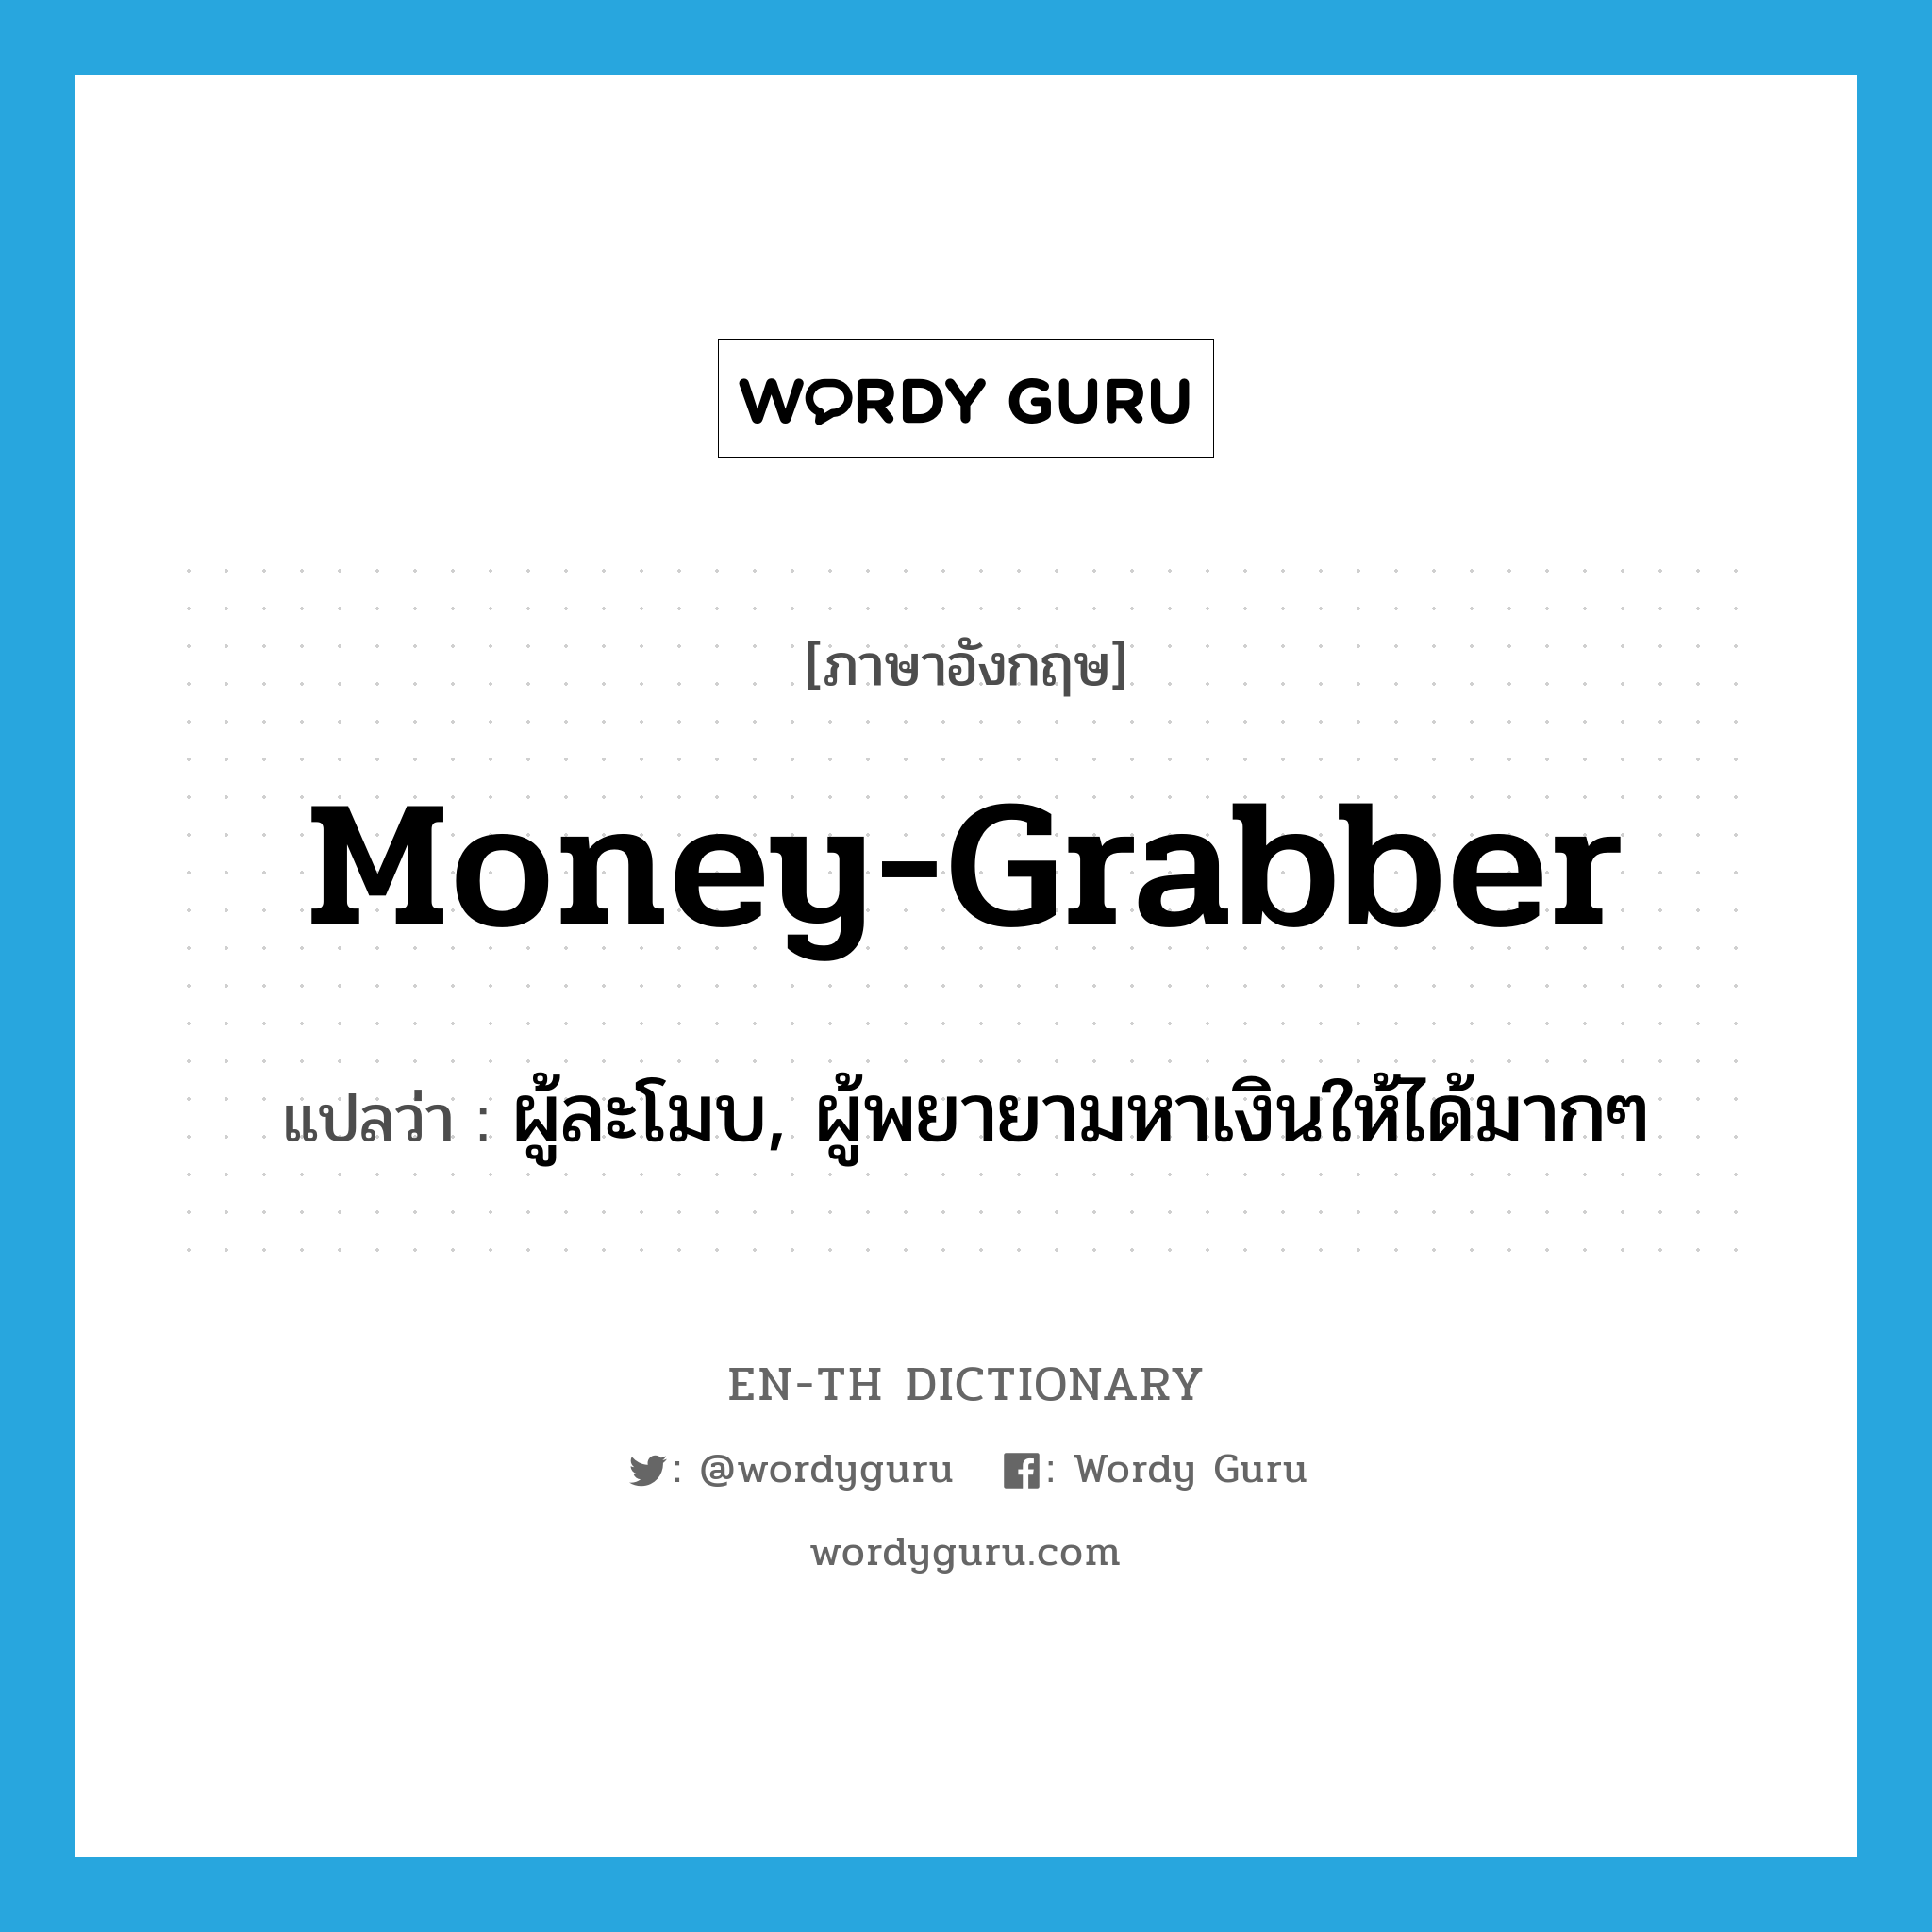 ผู้ละโมบ, ผู้พยายามหาเงินให้ได้มากๆ ภาษาอังกฤษ?, คำศัพท์ภาษาอังกฤษ ผู้ละโมบ, ผู้พยายามหาเงินให้ได้มากๆ แปลว่า money-grabber ประเภท N หมวด N
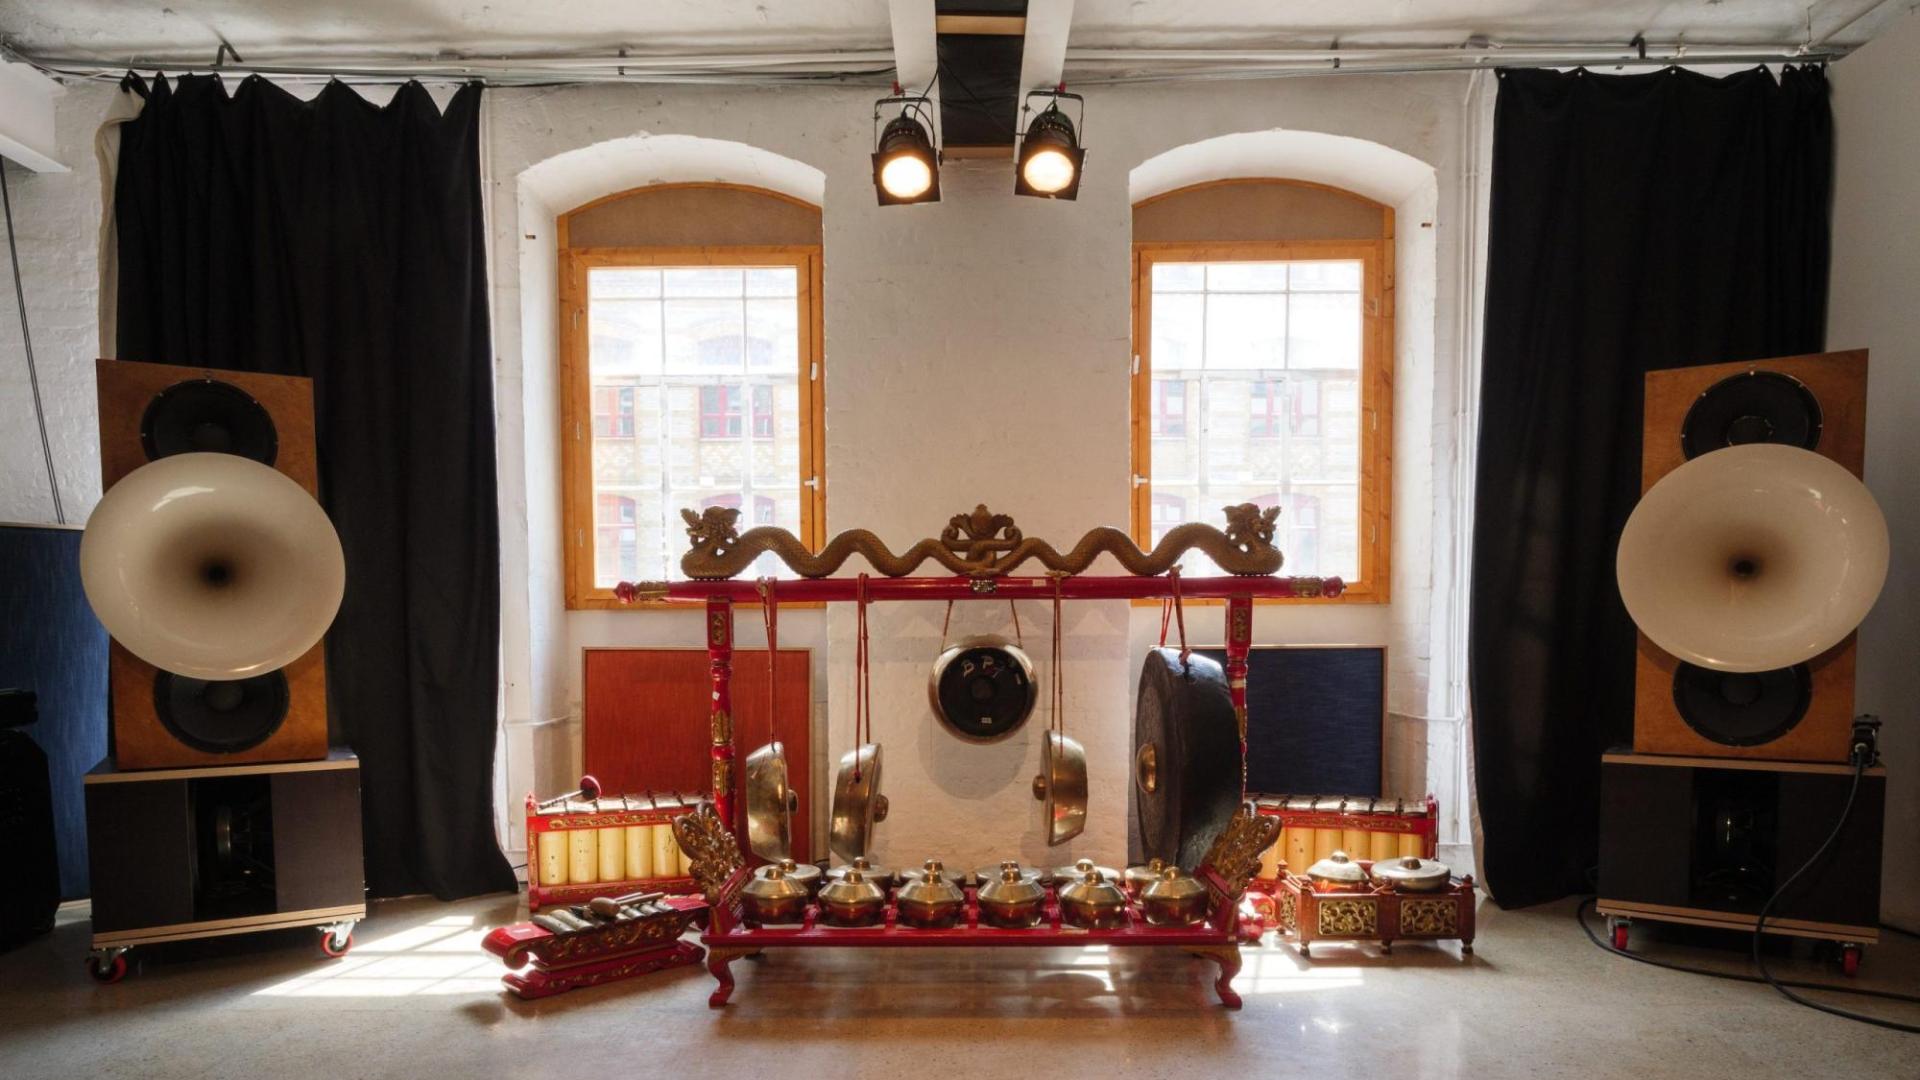 Ausgewählte Instrumente des javanischen Gamelan-Ensembles, das im Rumah Budaya Indonesia - Haus der Indonesischen Kulturen untergebracht sind
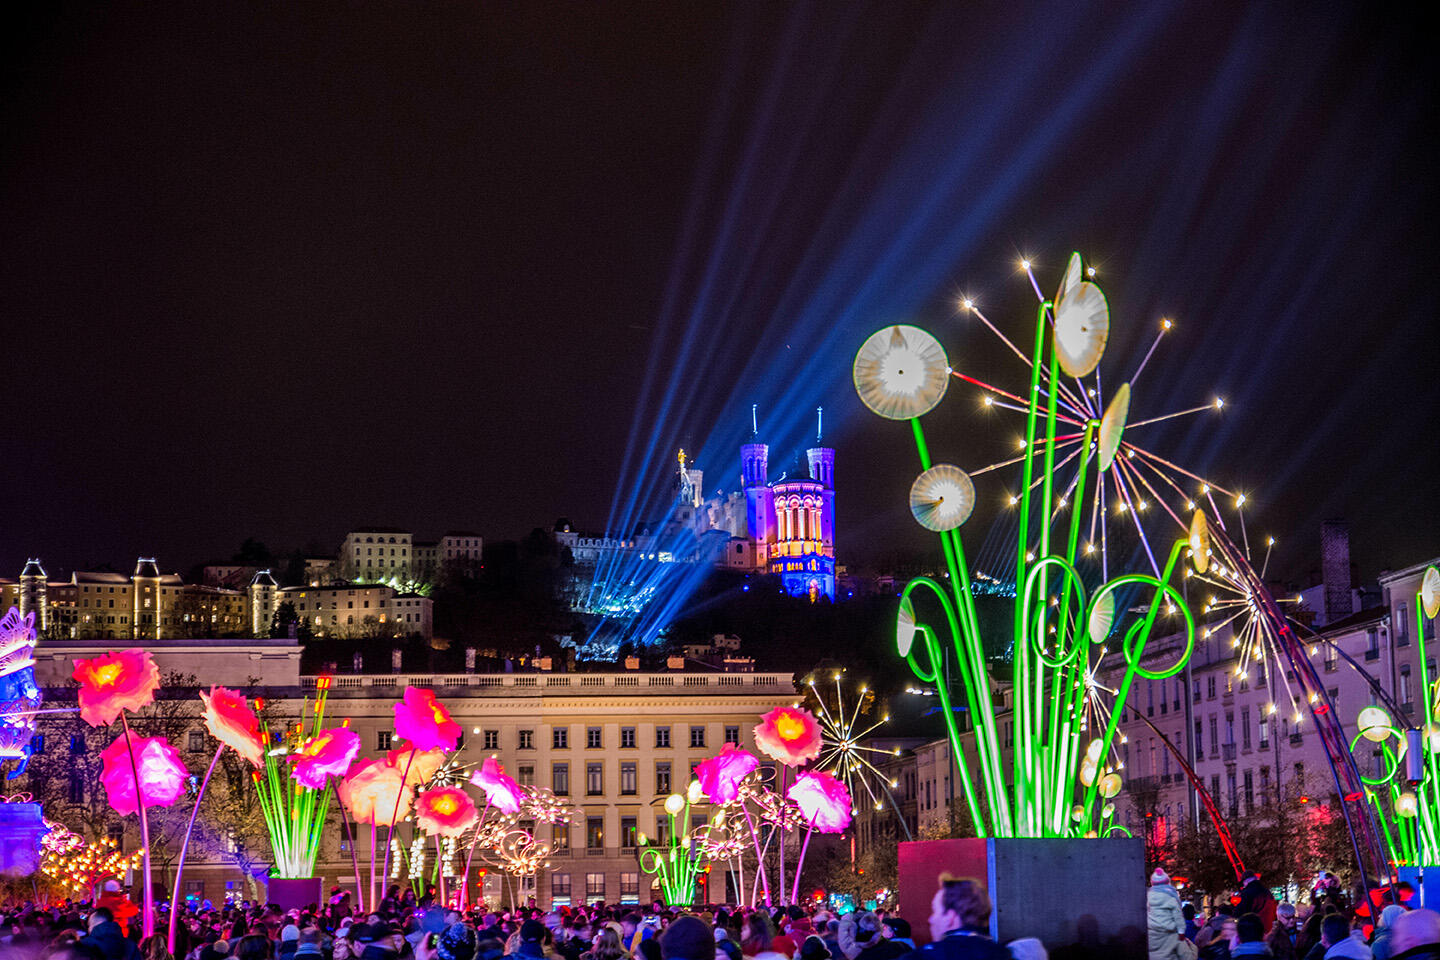 Vista del Festival de Luces en Lyon con la basílica iluminada e instalaciones florales coloridas, alojamiento en Appart’City.
§
_ASSIGNED TASK_
Could you set down, exactly as written, every line from the one with "Ausgewählte Instrumente des" to the end of the data, both ends included? Leave out the pictures.

_ANSWER TO THIS EXERCISE_
 Ausgewählte Instrumente des javanischen Gamelan-Ensembles, das im Rumah Budaya Indonesia - Haus der Indonesischen Kulturen untergebracht sind
 Vista del Festival de Luces en Lyon con la basílica iluminada e instalaciones florales coloridas, alojamiento en Appart’City.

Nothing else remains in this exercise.